After a month spent on the shores of the Blue Lake, an opportunity offered for the advance. Towards the end of October they found that an embassy from Lhasa to Pekin was returning in great force. This would afford Huc and his companion safe travelling from the hordes of brigands that infested the route through Tibet. The caravan was immense. There were fifteen hundred oxen, twelve hundred horses, and as many camels, and about two thousand men. The ambassador was carried in a litter. Such was the multitude which now started for the thousand miles across Tibet to Lhasa.

After crossing the great Burkhan Buddha range, the caravan came to the Shuga Pass, about seventeen thousand feet high, and here their troubles began.

"When the huge caravan first set itself in motion," says Huc, "the sky was clear, and a brilliant moon lit up the great carpet of snow with which the whole country was covered. We were able to attain the summit by sunrise. Then the sky became thickly overcast with clouds and the wind began to blow with a violence which became more and more intense."

Snow fell heavily and several animals perished. They marched in the teeth of an icy wind which almost choked them, whirlwinds of snow blinded them, and when they reached the foot of the mountain at last, M. Gabet found that his nose and ears were frostbitten. As they proceeded, the cold became more intense. "The demons of snow, wind, and cold were set loose on the caravan with a fury which seemed to increase from day to day."

"One cannot imagine a more terrible country," says poor Huc.

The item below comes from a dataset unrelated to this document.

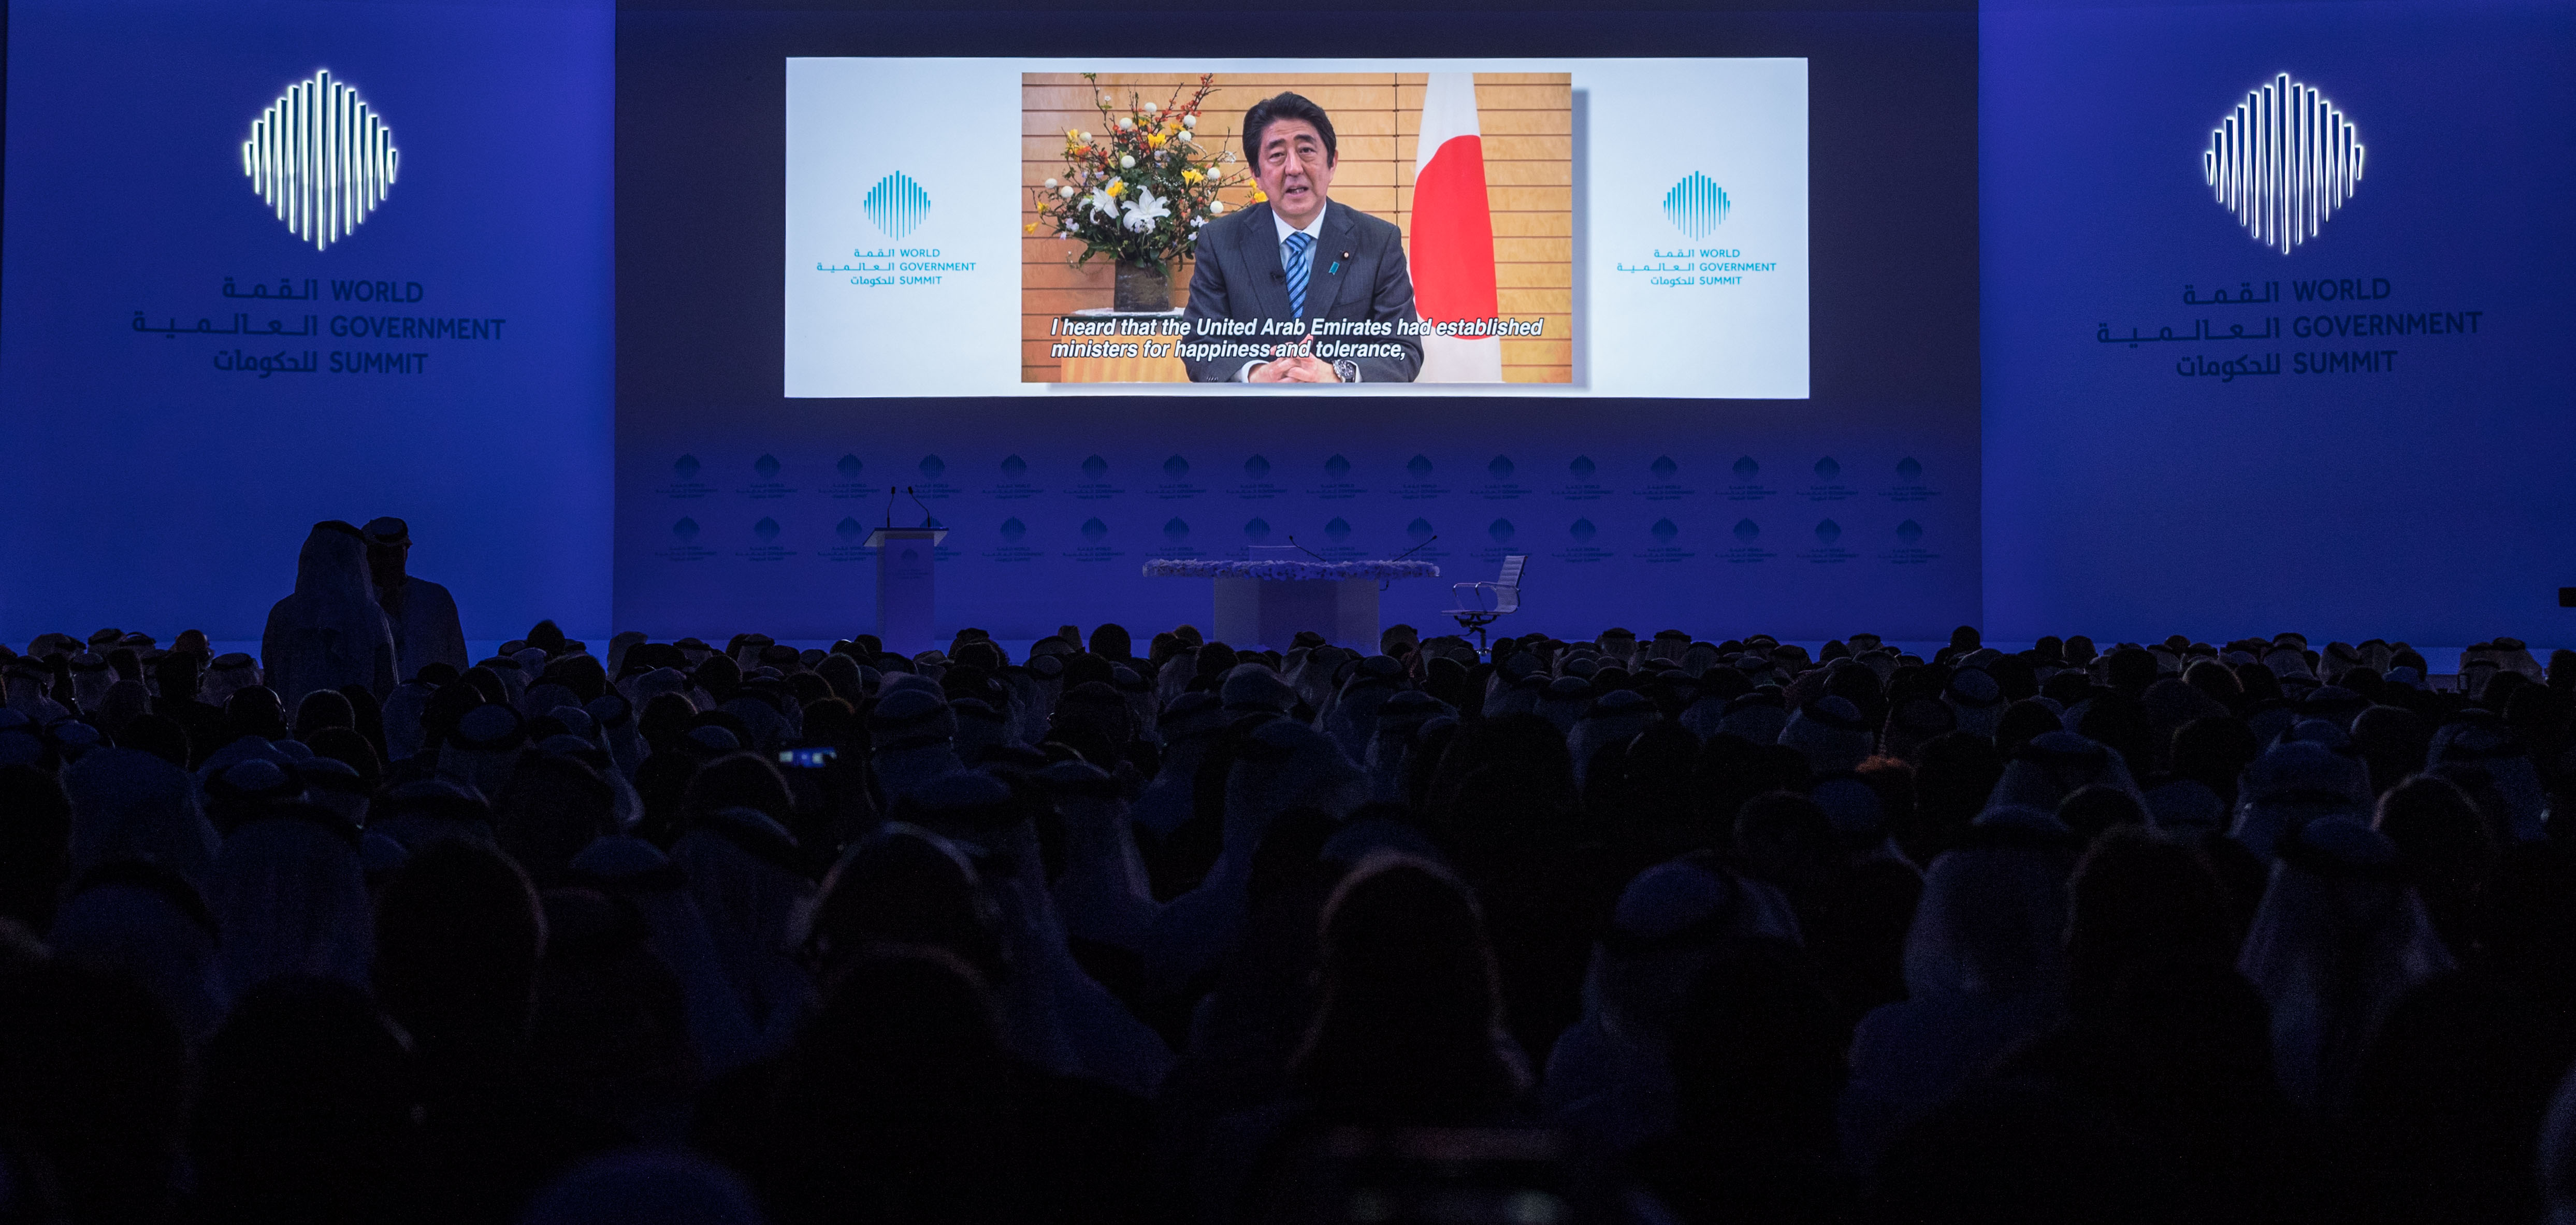 رئيس وزراء اليابان: الإمارات العربية المتحدة مثال عن قدرة عمل جميع الجنسيات مع بعضها

Not only were the animals dying from cold and exposure, but men were beginning to drop out and die. Forty of the party died before the plateau of Tangla had been crossed, a proceeding which lasted twelve days. The track, some sixteen thousand feet above the sea, was bordered by the skeletons of mules and camels, and monstrous eagles followed the caravan. The scenery was magnificent, line upon line of snow-white pinnacles stretched southward and westward under a bright sun. The descent was "long, brusque, and rapid, like the descent of a gigantic ladder." At the lower altitude snow and ice disappeared. It was the end of January 1846, when at last our two travellers found themselves approaching the longed-for city of Lhasa.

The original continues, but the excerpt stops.